Month End: April Snapshot

At the end of April, I’m truly amazed at what can happen in just a month. While having dinner at a Mexican restaurant one night, my sweet wife and I came into agreement about taking a bold and risky move. I made a withdrawal from savings to pay to zero the SVF line of credit. Although this line is my debt, it was on my wife’s credit, and I didn’t want it to impact her credit anymore. The plan is to not just replenish the line of credit to what it was, but to charge myself a high enough interest that will not only put the self lending principle to practical use, but recover the interest that would be in the savings account even if it hadn’t been removed from the account. The way you can achieve this goal is by charging yourself an interest at least 5 times or more high than the current interest rate of your savings account. For example, the current interest rate in one of my savings accounts is 2.25% annual percentage yield, so I’m charging myself 15% (6.67 times) and calculated payments based off a 12 month term so I have a minimum payment that is manageable, and if necessary I can stretch the term by 24 months for more cash flow. Your maximum term when using the self-lending principle is 24 months. Anything longer than two years lowers your commitment to finishing what you start.

Paying off this line of credit was also necessary, because we needed to get a new car. Our cars were over ten years old, and we had maximized the usage out of each car. We know how to take care of our cars, and I noticed that more and more money was being poured into her car. It’s in a situation like this one, that I think it’s a good time to look for a new car. We decided to get an SUV, because this type of car would be good for the day we begin to have a family for the sake of transporting children, groceries, and other necessities. Thankfully my, father-in-law was able to find a fantastic deal on a 2018 Ford Escape. Personally, I didn’t want that kind of vehicle, but the car had less than 1000 miles on it because it was used by the dealer only. It was a mid-level SUV, but it had extra amenities on it that added to its overall value. I liked that the vehicle had Bluetooth capability for hands free driving, it had the necessary storage space for groceries, and it had overall better gas mileage than my car and her car. However the most important point is that we were able to get the car at half its MSRP (Manufacturer’s Suggested Retail Price), and have purchased on a 5 year loan at an interest rate less than 5% for a monthly payment of less than $300.00 This flexible term and payment will give us the ability to consider home ownership and at the same time not hurt our budget. Our overall net income or disposable income is still high enough that we can still stay on track on paying off our existing debt. Once my debit is paid off, I can easily switch gears to go after this car loan.

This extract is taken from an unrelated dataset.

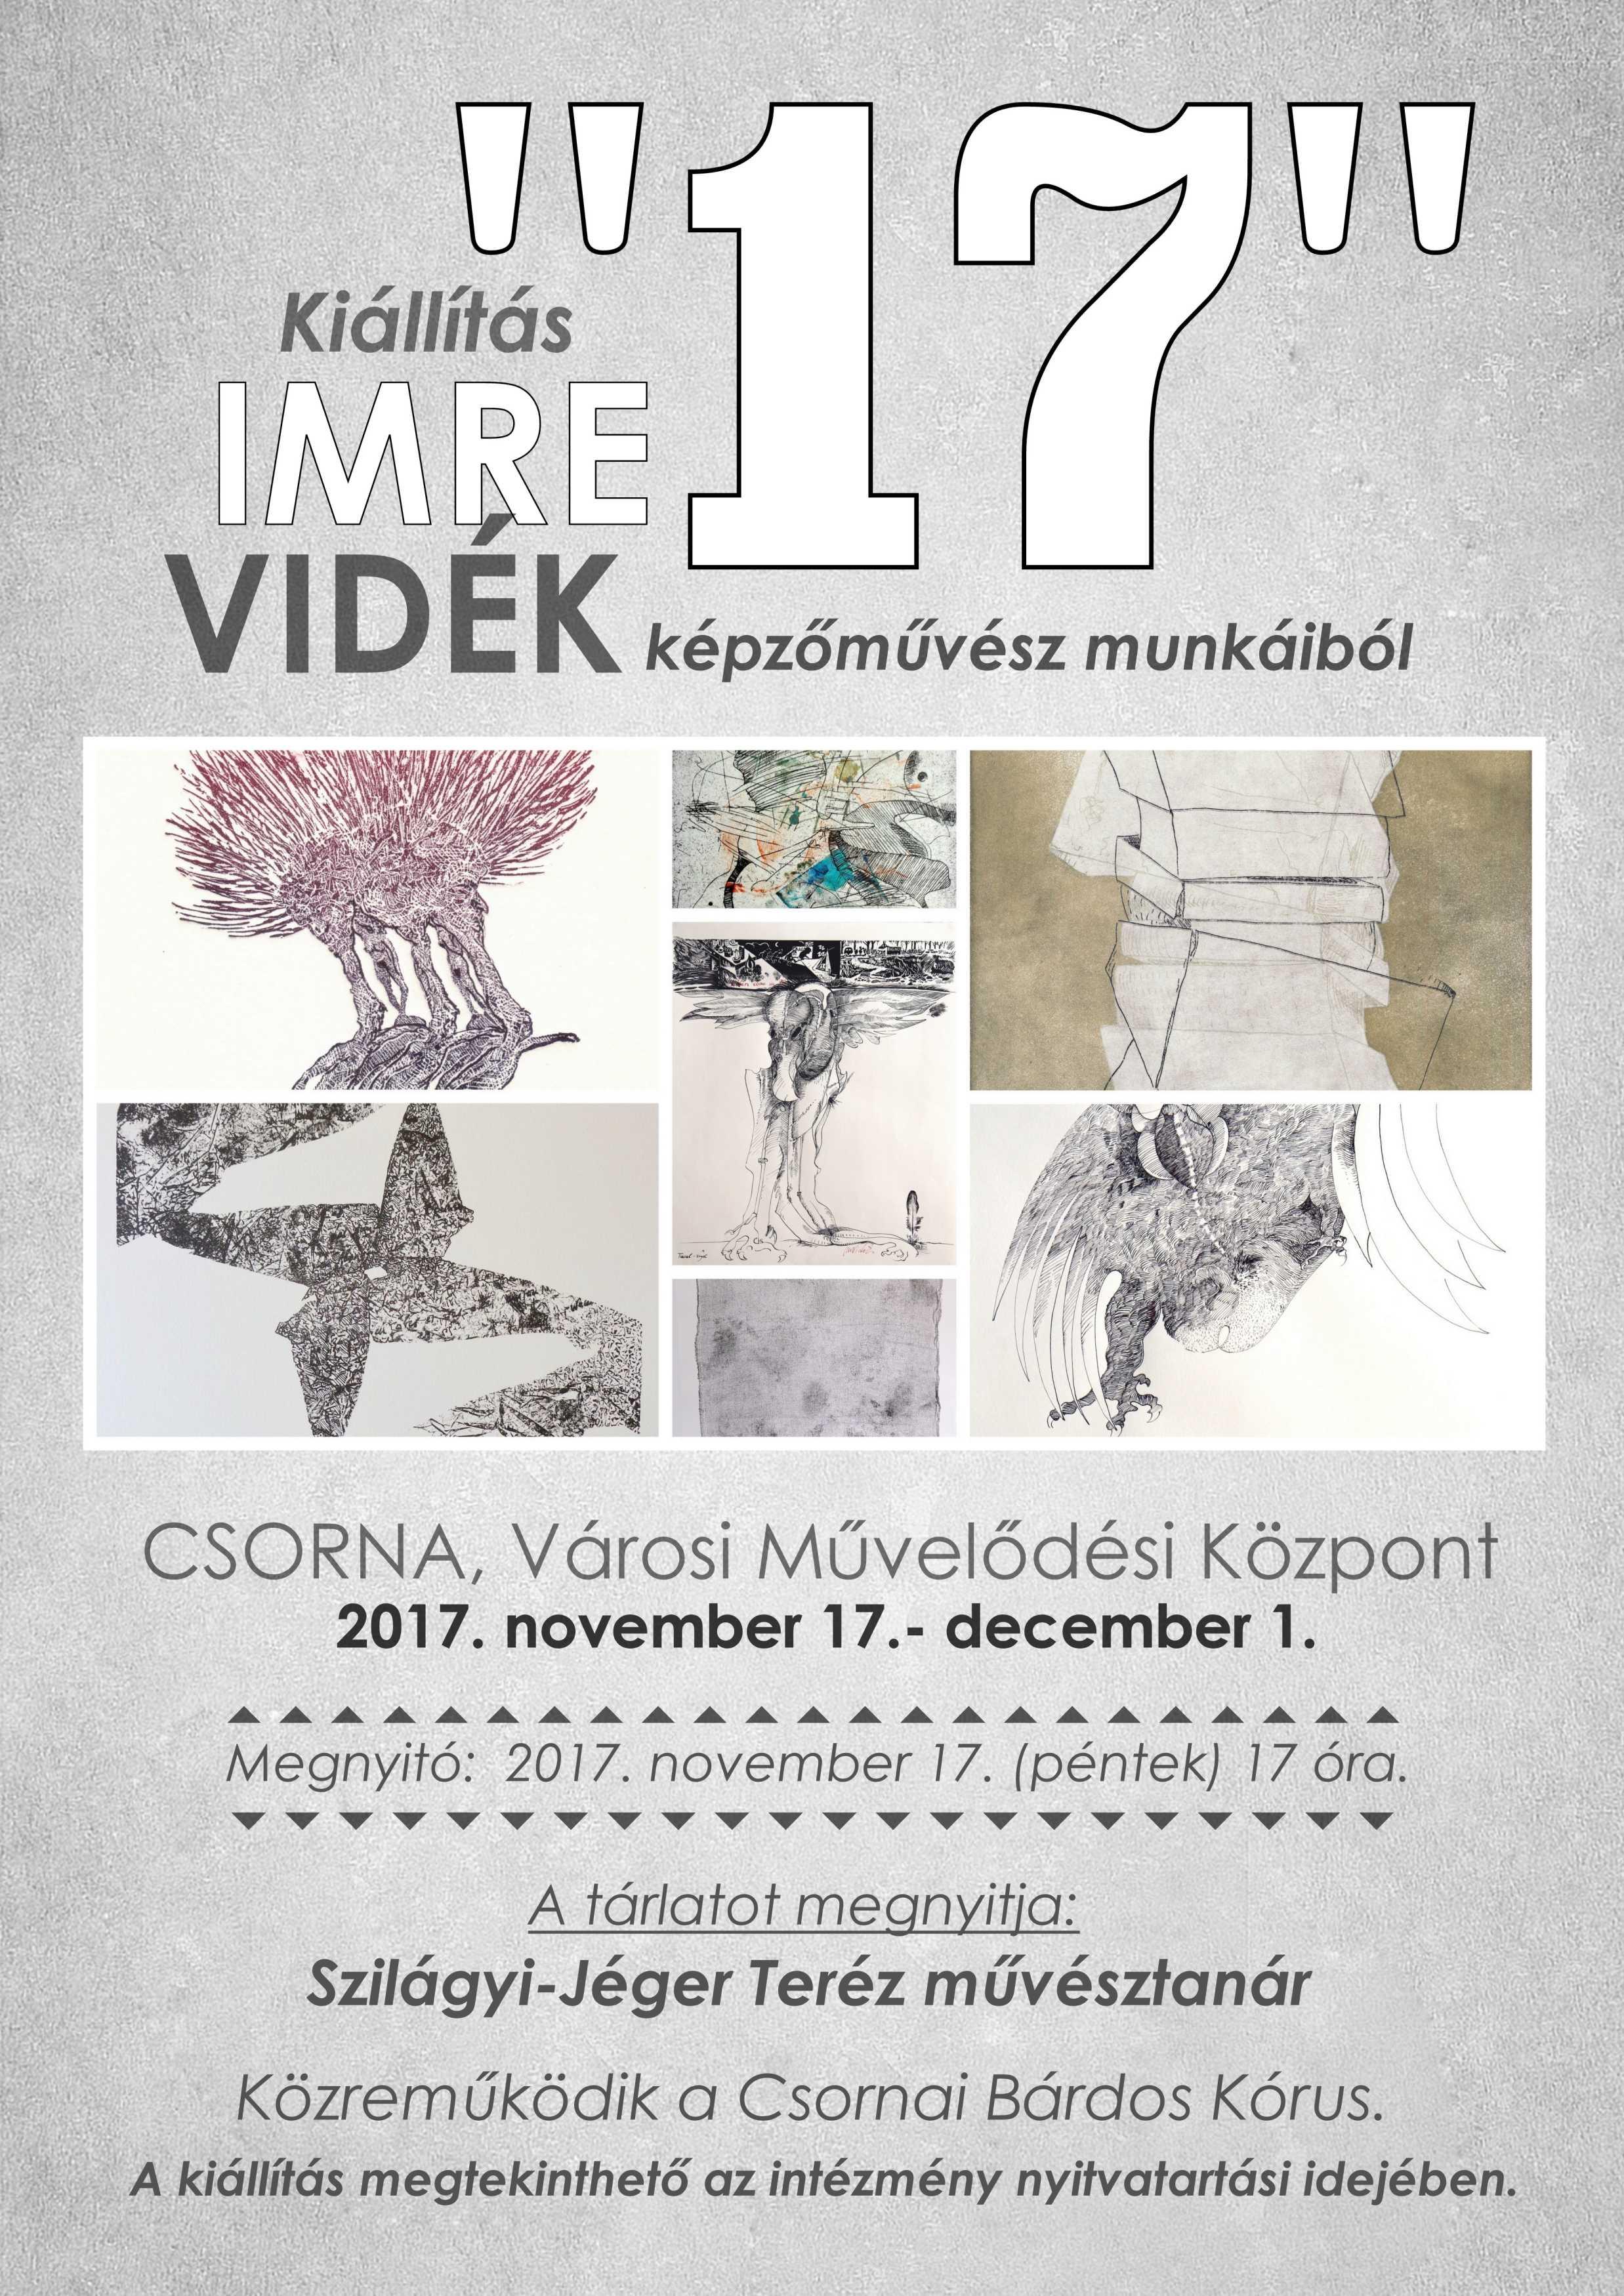 imre_videk_kiall_csorna_plakat

When you are considering a major purchase such as a vehicle or home ownership, you need to look at it from as many different levels as possible. Not just the personal intangible features, but just as important, the financial impact it has on your budget. For me a major purchase is anything that I can’t pay cash for and or it’s $5,000+. In my opinion, some don’t have $5,000 in liquidity easily available to make a purchase. When making a major purchase that may involve getting a loan, ask yourself: Can you truly afford it? Keep in mind that having a good credit score will help you get a loan at an interest rate that will be more in line with your budget. If you have poor credit history, then you could end up paying more in interest over time. Knowing your bottom line is critical and having a peace about your decision will prevent buyer’s remorse.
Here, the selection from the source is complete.